▸ Problem details:
Give all the lines below again, exactly, with no pictures.

▸ Collected material:
————————
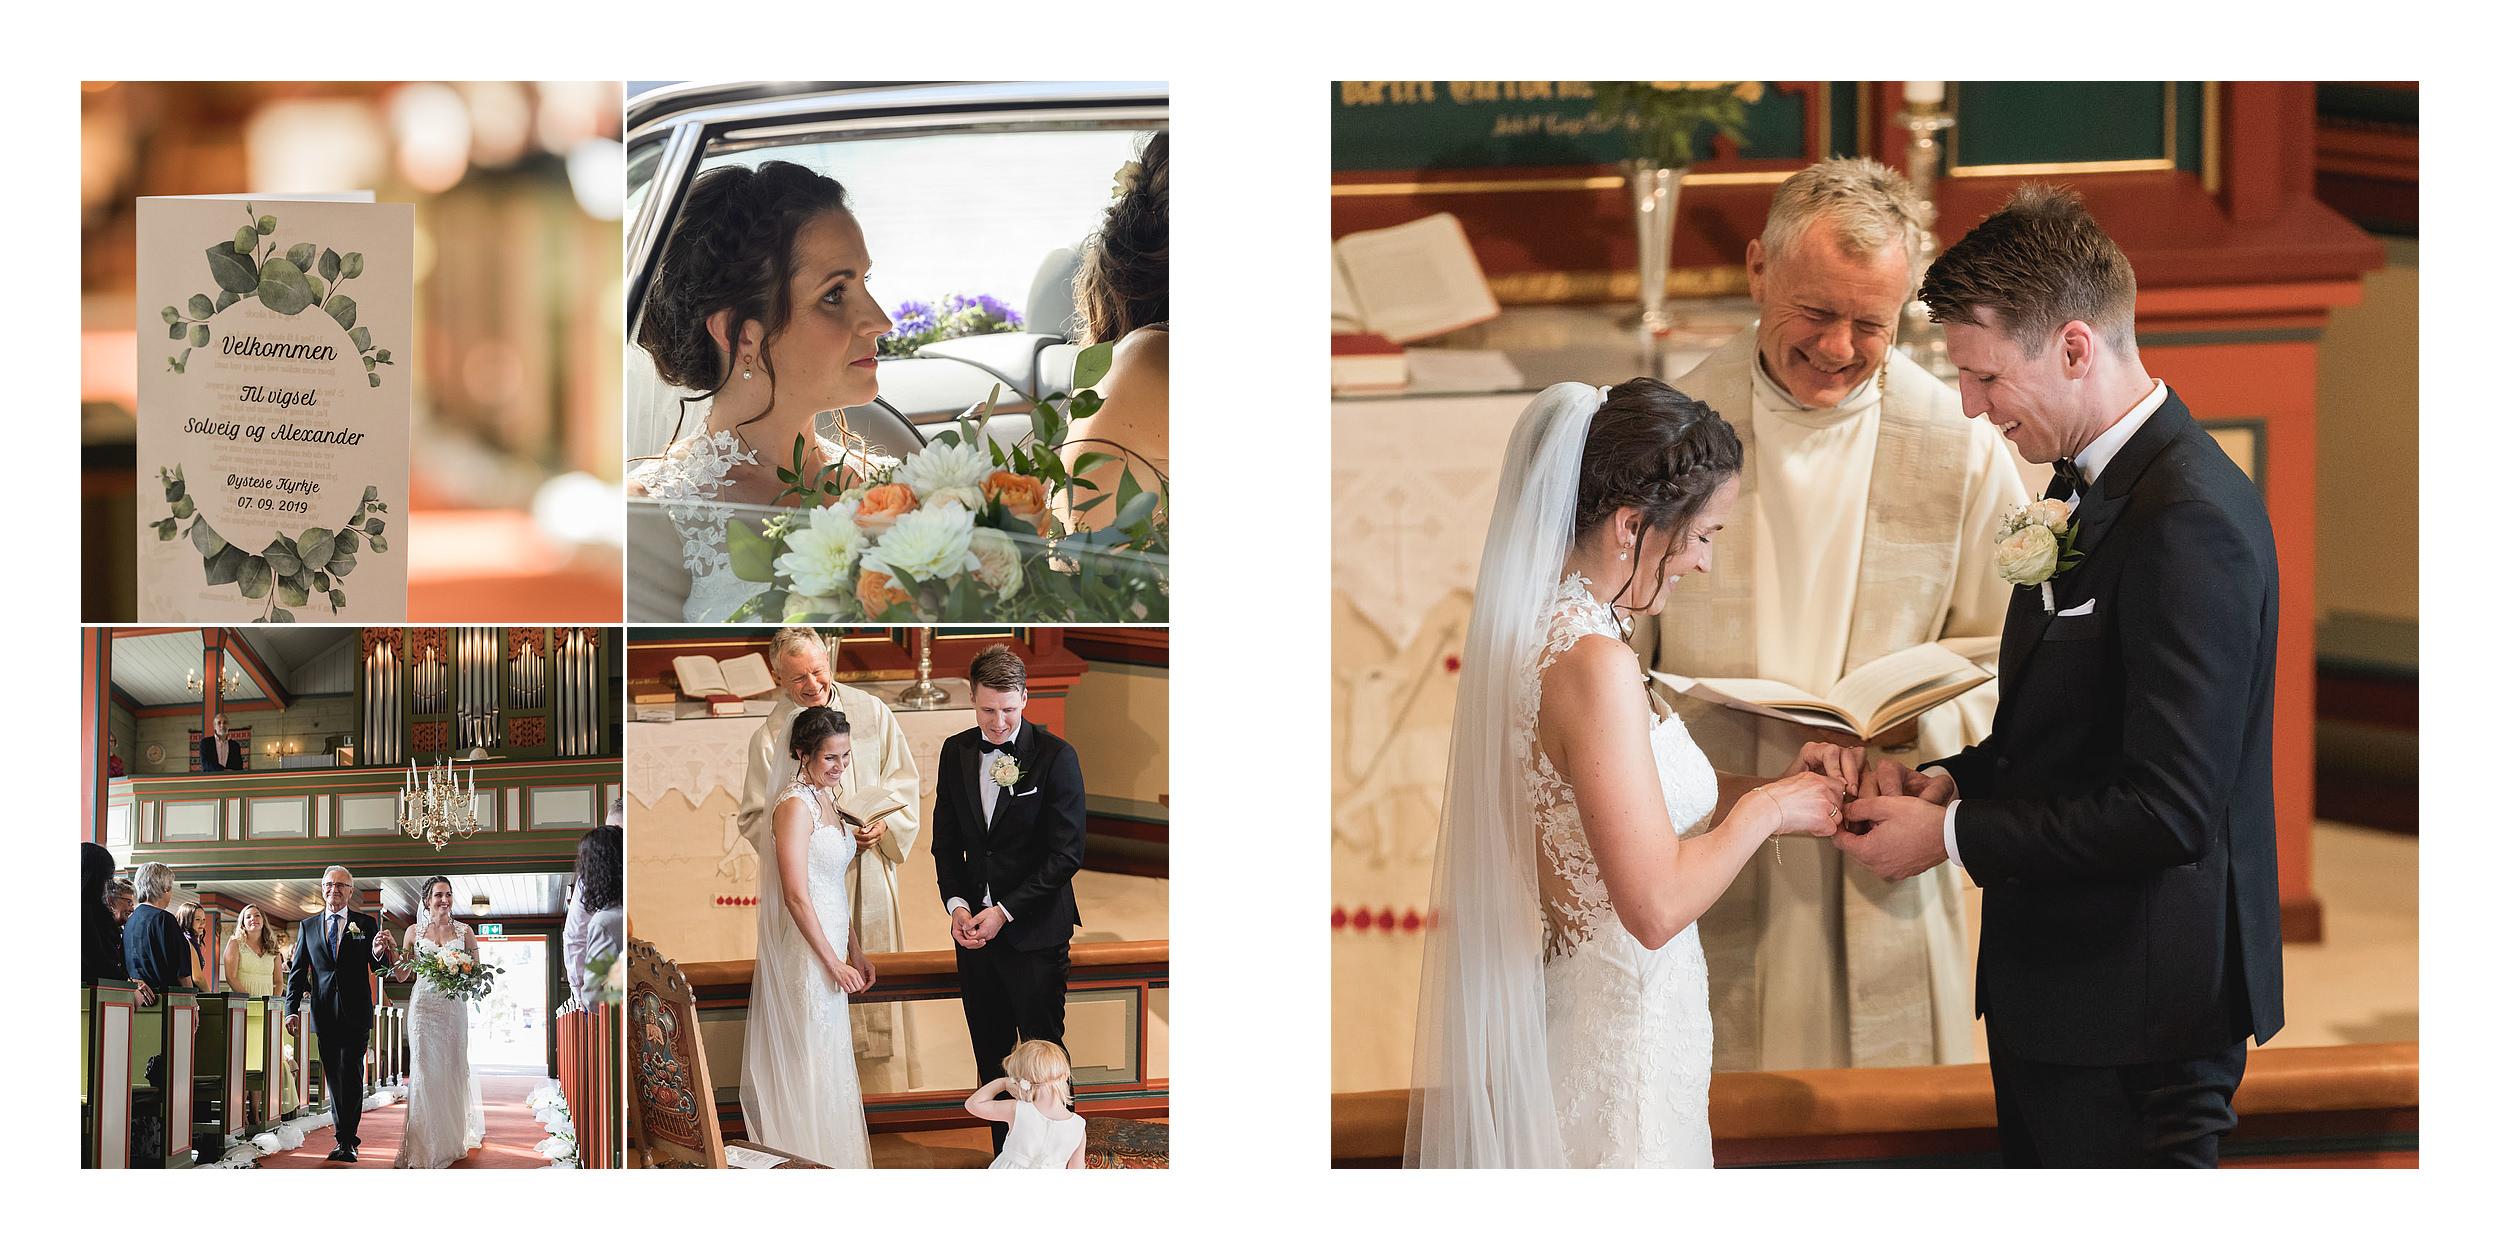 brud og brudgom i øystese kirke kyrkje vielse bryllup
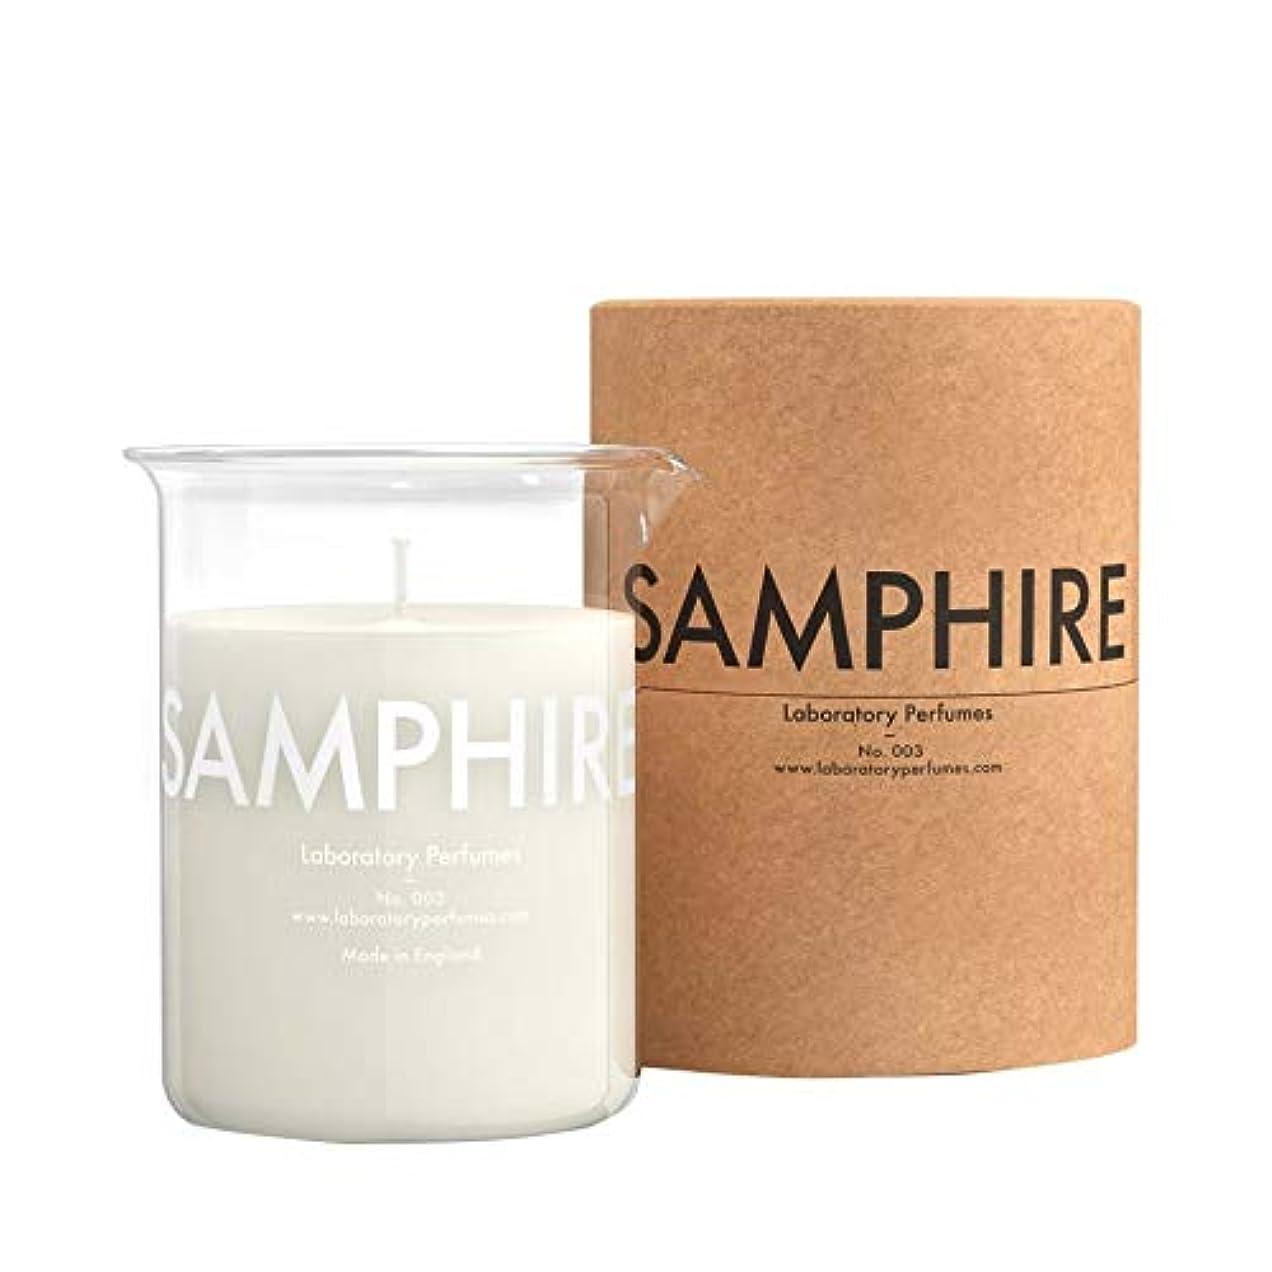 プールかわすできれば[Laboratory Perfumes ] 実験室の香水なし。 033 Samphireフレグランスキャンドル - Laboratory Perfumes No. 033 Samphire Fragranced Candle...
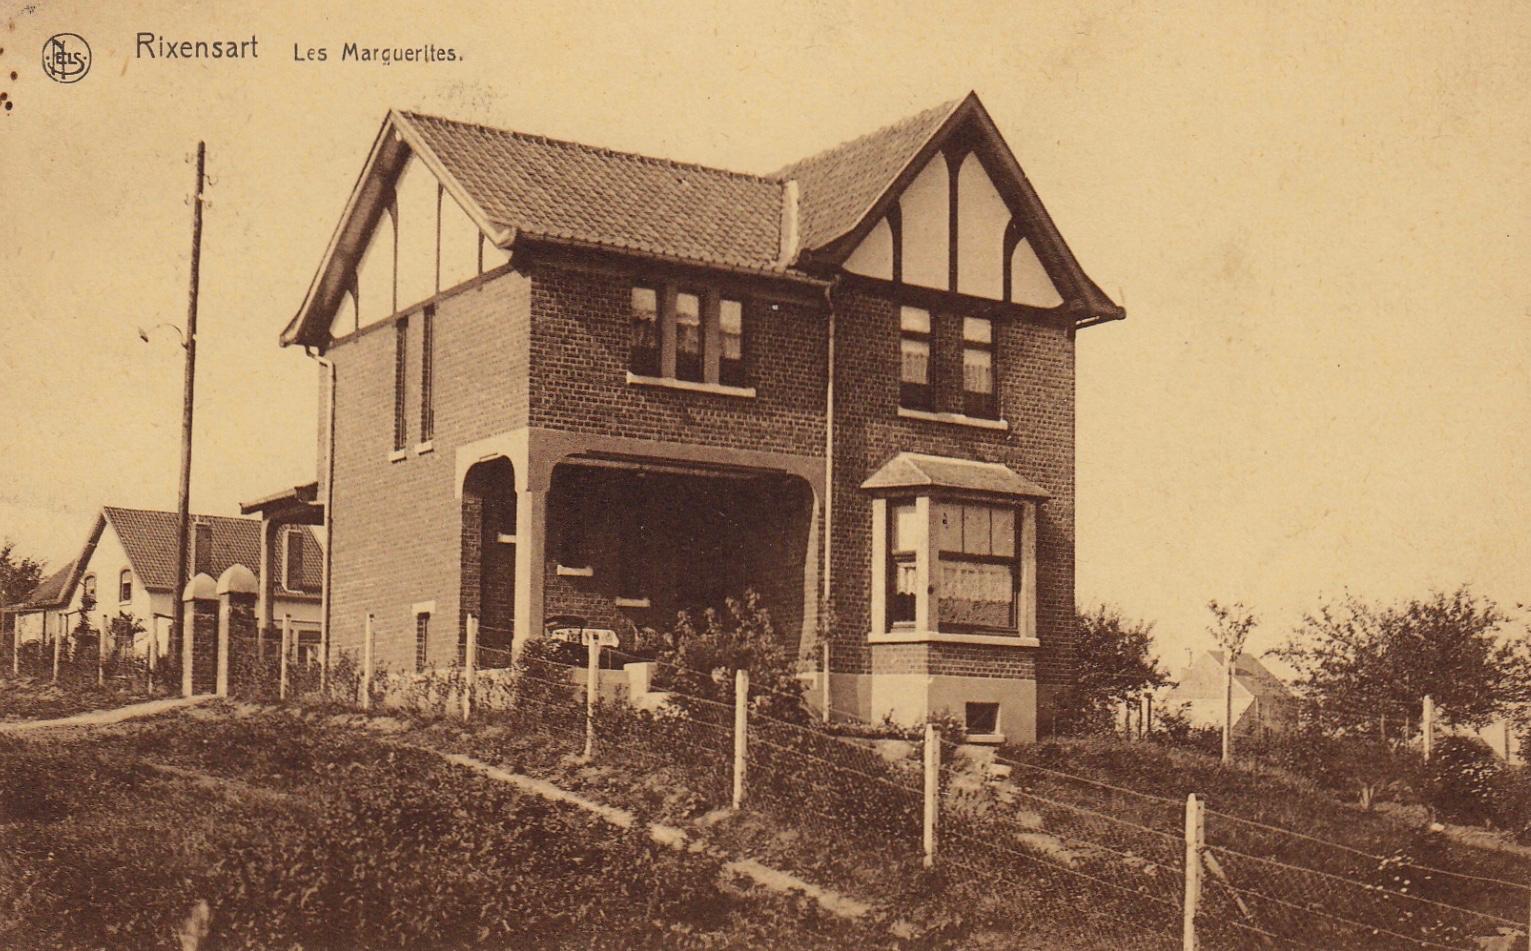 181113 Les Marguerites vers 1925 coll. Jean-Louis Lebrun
————————
▸ Problem solution:
 brud og brudgom i øystese kirke kyrkje vielse bryllup
 プールかわすできれば[Laboratory Perfumes ] 実験室の香水なし。 033 Samphireフレグランスキャンドル - Laboratory Perfumes No. 033 Samphire Fragranced Candle...
 181113 Les Marguerites vers 1925 coll. Jean-Louis Lebrun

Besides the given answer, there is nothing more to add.